In this work, we test the CDDR by comparing the LD derived from the Pantheon+ SNIa compilation with ADD from QSO measurements, using parametric methods. We employ the binning method and ANN to match the SNIa data with the QSO measurements at the same redshift, and adopt the function $ \eta(z)=D_{\rm{L}}(z)/D_{\rm{A}}(z)(1 + z)^{-2} $ to probe the possible deviations from the CDDR at any redshift. Two specific prior values of $ M_{\rm{B}} $ and l are used to obtain the LDs from the SNIa observations and the ADDs from QSO measurements, respectively. The results show that the specific prior values of $ M_{\rm{B}} $ and l cause significant biases in the CDDR test if the astronomical observations do not provide accurate values for $ M_{\rm{B}} $ and l.

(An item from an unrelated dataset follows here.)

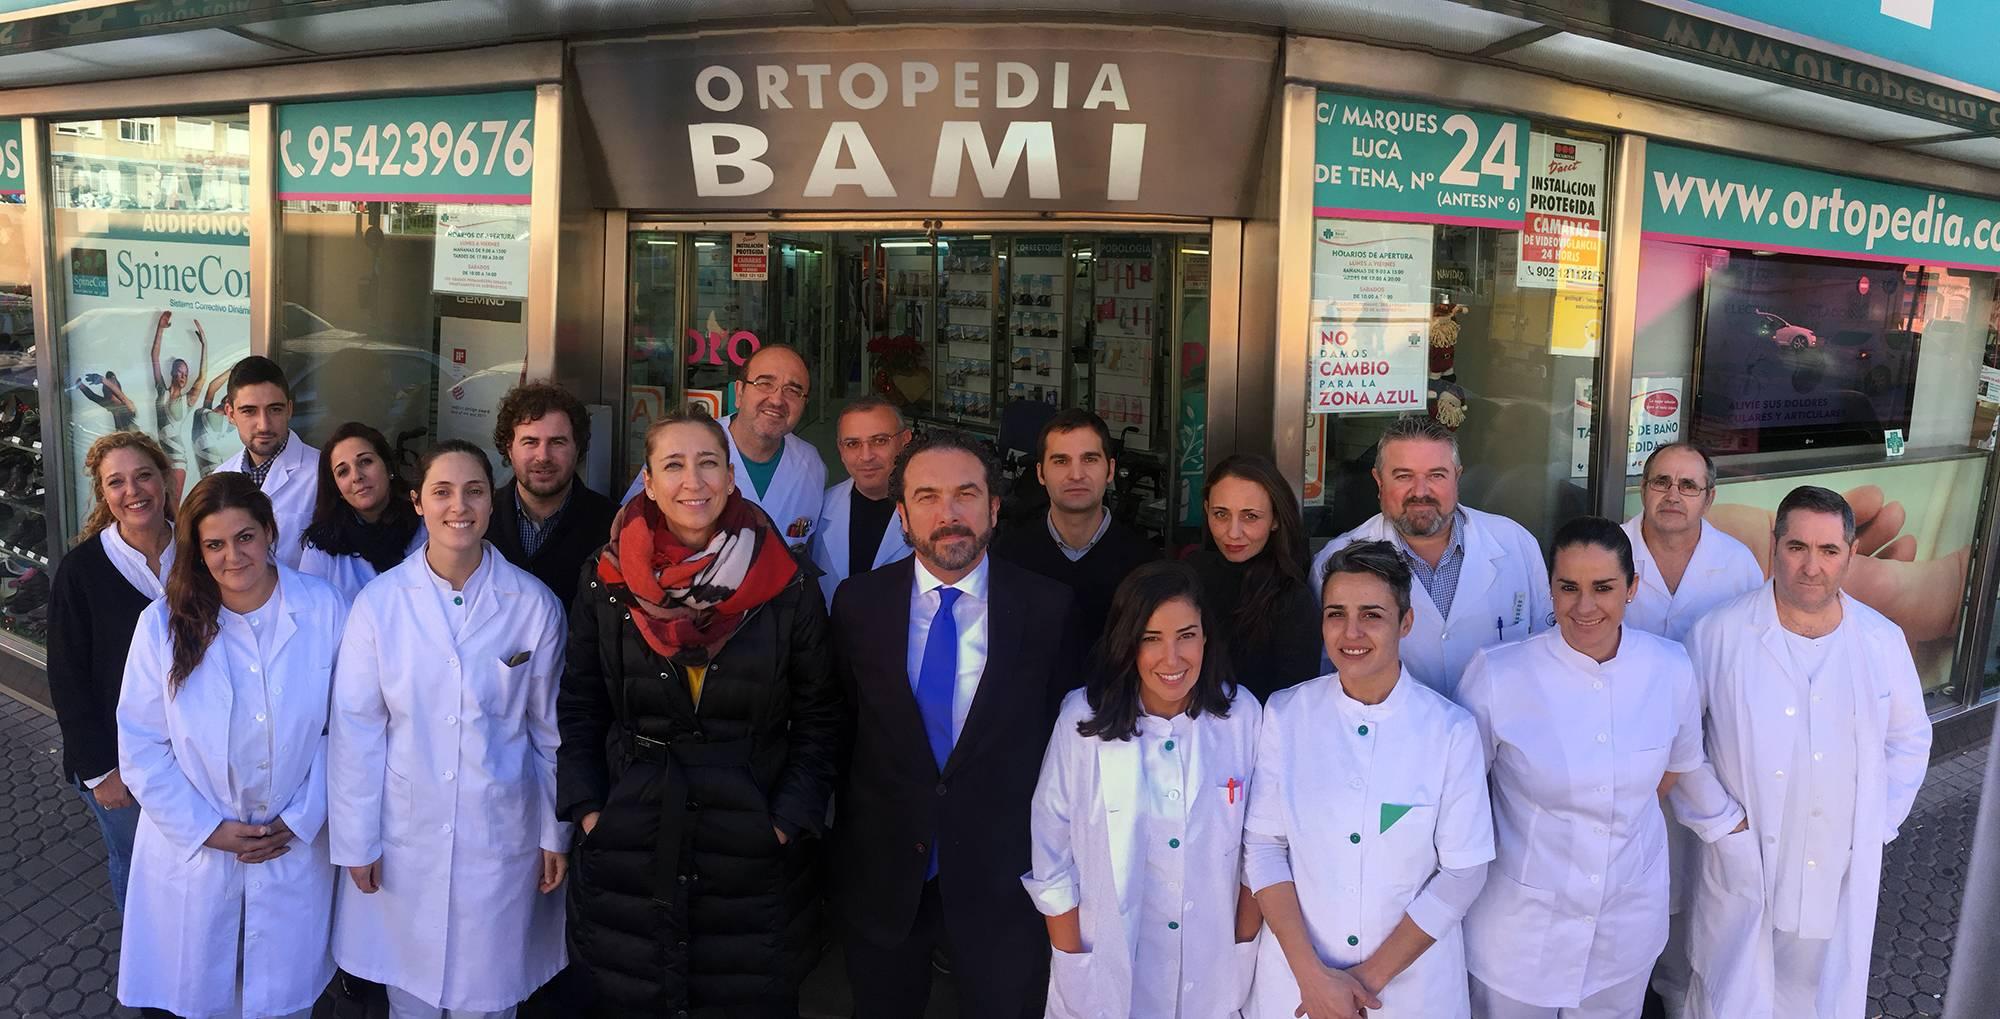 Ortopedia online: nuestro equipo

To avoid the bias in the CDDR test caused by the prior values of $ M_{\rm{B}} $ and l, we treated the fiducial values of $ M_{\rm{B}} $ and l as nuisance parameters to determine the LD $ {D_{\rm{L}}} $ and ADD $ {D_{\rm{A}}} $. Then, we marginalized their impacts on the CDDR test by applying a flat prior on the new variable κ $ \equiv $ $ 10^{M_{\rm{B}}\over 5}l $ in the statistical analysis. This marginalization approach eliminated the need to calibrate the $ M_{\rm{B}} $ and l values. Thus, the method for testing the CDDR remains independent of the underlying cosmological model assumptions. The ANN method includes more QSO data points, and therefore, it provides 50% and 40% tighter constraints on $ \eta_0 $ compared with the Binning method when using specific priors on $ M_{\rm{B}} $ and l and the marginalization method, respectively. Our results indicate no violation of the CDDR; however, the capability of the QSO measurements to test the CDDR is reduced compared with the results obtained from specific values of $ M_{\rm{B}} $ and l becuase of marginalizing κ with a flat prior in our analysis. Considering previous results, the capability of QSO measurements to test the CDDR is considerably stronger than that of other previous astronomic observations regardless of whether the method used is dependent on $ M_{\rm{B}} $ and l . The proposed method for testing the CDDR in this study is not only independent of the cosmological model but also independent of the prior values of the absolute magnitude $ M_{\rm{B}} $ and linear size scaling factor l. Therefore, QSO measurement can serve as a powerful tool for testing the CDDR independently of the cosmological model.